Изо дня в день мы все ждали ответа от министра — и тетя Гредель, и Катрин, и дядюшка Гульден, и я. Вы не можете представить себе мое нетерпение. Я за полмили слышал, как почтальон Бренштейн идет по улице. Я облокачивался на подоконник и не мог больше работать. Я глядел, как он заходит во все дома, и, если он на секунду задерживался где-нибудь, я думал: «Чего он там так долго болтает! Разве не может отдать письмо и уйти! Этот Бренштейн настоящая кумушка!».

Иной раз я не выдерживал, выбегал ему навстречу и спрашивал:

— У вас ничего нет для меня?

— Нет, господин Жозеф, ничего нет!

Я печально возвращался домой, а дядюшка Гульден говорил мне:

— Ты как ребенок! Имей же терпение, черт возьми! Ответ придет… Ответ придет…

По воскресеньям я, разумеется, отправлялся в деревню Четырех Ветров к тете Гредель и Катрин. В эти дни я просыпался спозаранку. Первое время я, просыпаясь, думал, что все еще нахожусь в солдатах. Я холодел от этой мысли. Потом, осмотревшись кругом, я успокаивался. «Ты у дядюшки Гульдена и сегодня идешь к Катрин» — думал я, и эта мысль прогоняла остатки сна. Я собирался вставать и одеваться, но в это время часы били четыре. Городские ворота были, стало быть, еще закрыты. Приходилось ждать. Чтобы скорее проходило время, я начинал вспоминать всю историю моей любви, моей солдатчины, всю свою жизнь.

Когда било пять, я вскакивал с постели, мылся, брился, надевал праздничный костюм. Дядюшка Гульден, еще лежавший в кровати за пологом, говорил мне:

— Хе-хе! Я уже слышу тебя. Уже целых полчаса ты там ворочаешься. Хе-хе… Сегодня у нас воскресенье…

Он смеялся, и я смеялся вместе с ним. Через несколько минут я уже был на улице. Боже, какое было время! Как все цвело и зеленело! Как все старательно и весело работали, стараясь догнать упущенное время. Во всех садах и огородах женщины и старики рыли, копали, и таскали лейки.

С раннего утра к городу ехали телеги с кирпичом, досками, бревнами, черепицей, тесом. Стучали, молотки, здесь и там виднелись плотники и каменщики. Все спешили починить дома и крыши, попорченные снарядами. Работа кипела. Все пользовались наступлением мира.

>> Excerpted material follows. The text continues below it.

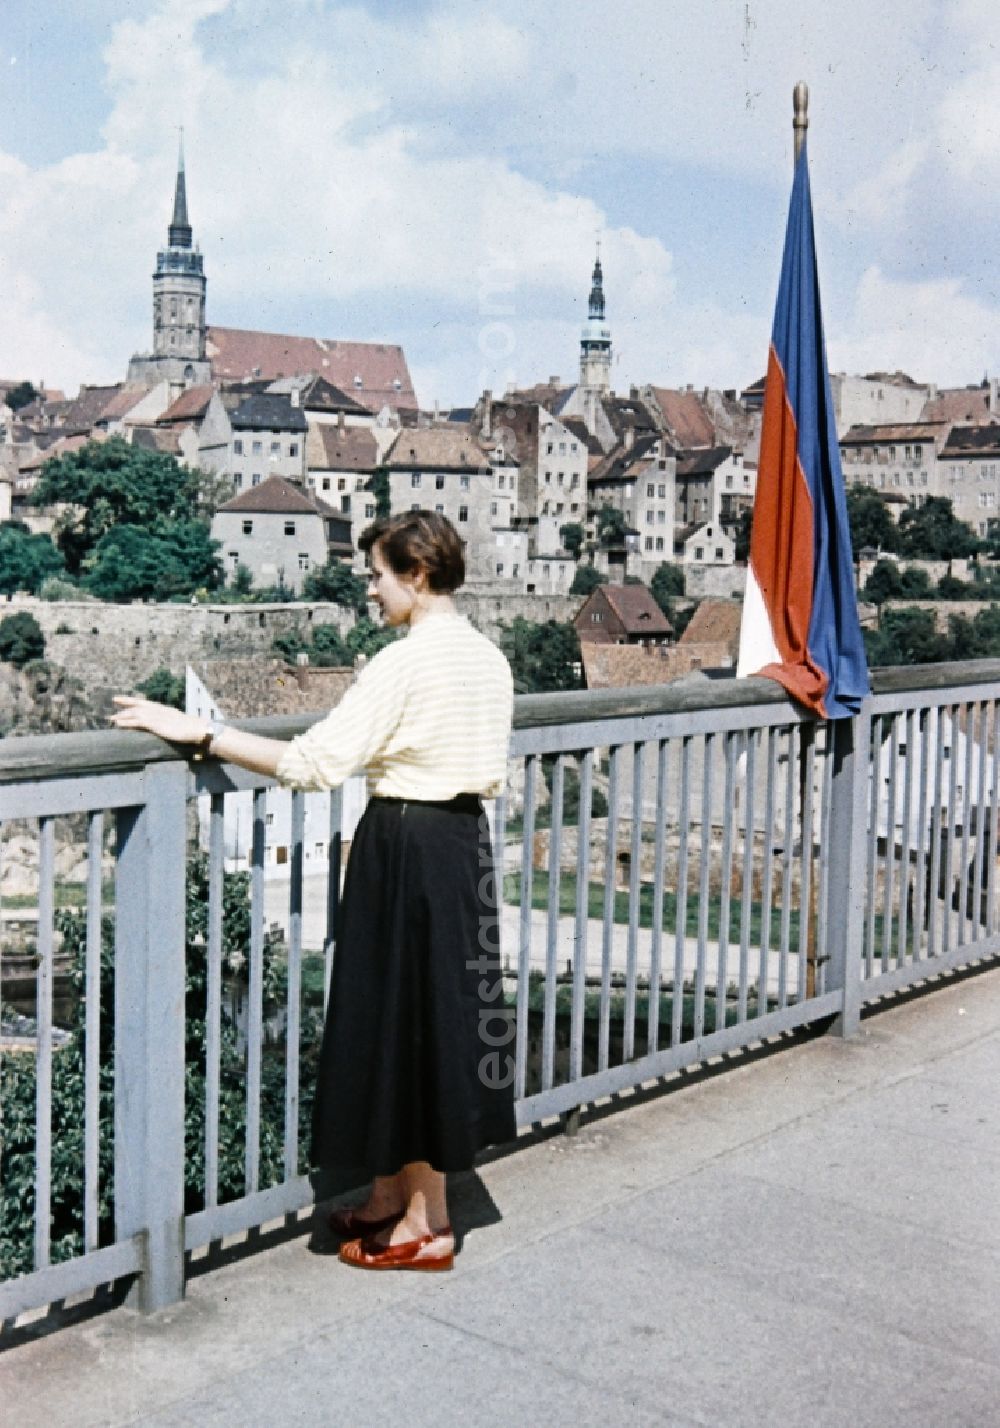 GDR photo archive: Bautzen - Woman on bridge on historic old town in the center in Bautzen in the state Saxony on the territory of the former GDR, German Democratic Republic

Как весело я бежал по дороге! Нет больше маршей и контрмаршей! Я иду куда хочу, не дожидаясь приказа сержанта Пинто.

Видя дымок над деревней, я думал: «Это Катрин затопила печь, она готовит нам кофе». И я летел во всю мочь. Вот я и в деревне! Здесь я иду потише, чтобы немного отдышаться, и не свожу глаз с маленьких окошечек. Вот дверь отворяется и появляется тетя Гредель. Она еще в нижней юбке и с метлой в руке. Она поворачивается и кричит: «вот он!» Немедленно появляется Катрин — красавица из красавиц, в маленьком голубом чепчике. «Вот хорошо!» — кричит она. — «Я ждала тебя!»

Как она счастлива! И как крепко я целую ее! О, да здравствует молодость!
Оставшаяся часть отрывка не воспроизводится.